FINK: Oh no. Yandina, in common with all towns, small towns, it was well supplied with churches. Just off-hand I couldn’t say whether there was four, five or six. At various times there would have been up to six churches in Yandina.

CF: Which particular one did your family attend?

FINK: We were Baptists. We went to the Baptist Church. My mother was a strong Baptist. Her father had been a lay preacher.

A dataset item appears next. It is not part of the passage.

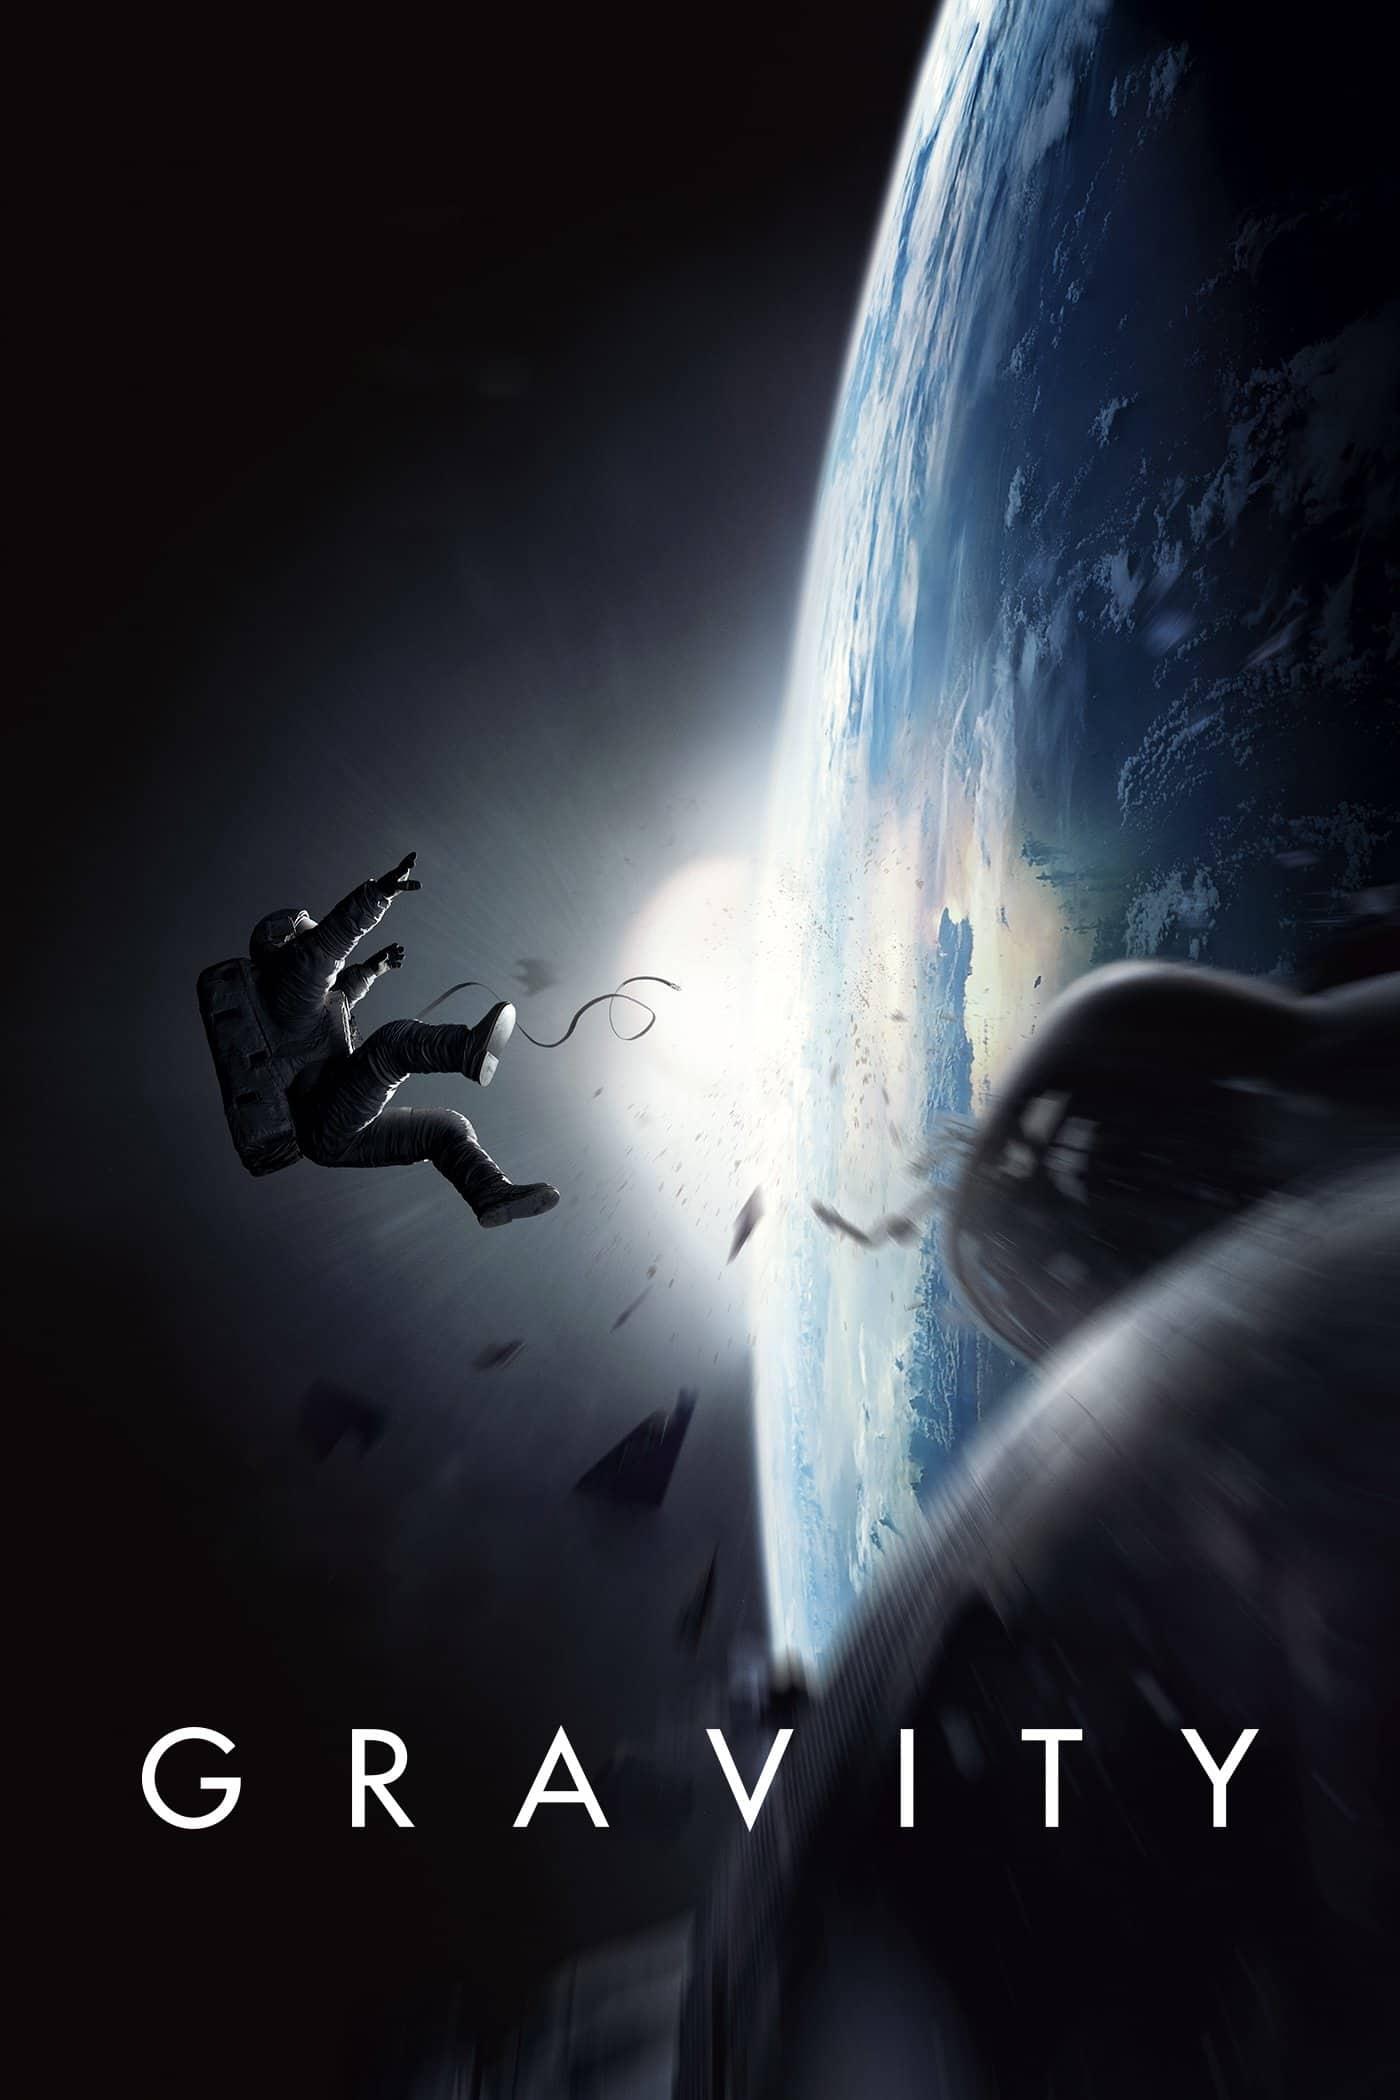 Gravity, 2013

CF: Was there a full-time preacher for each of these churches in the area, or did they travel around?

FINK: No. They were mostly part of a circuit, with the preachers living either in Nambour or Eumundi. I don’t think there was any actually locally-based preachers in Yandina.

CF: Did you get married before the War?

FINK: No, that was during the War.

World War II

CF: Perhaps you might tell me of the effects on you when the War was announced. What was the impact on you?

FINK: Oh well, before the War, when the War was in the offing, the Government decided to expand the Citizens Military Forces, and enrollment in this area was very high. As a matter of fact, it was probably the highest in Australia.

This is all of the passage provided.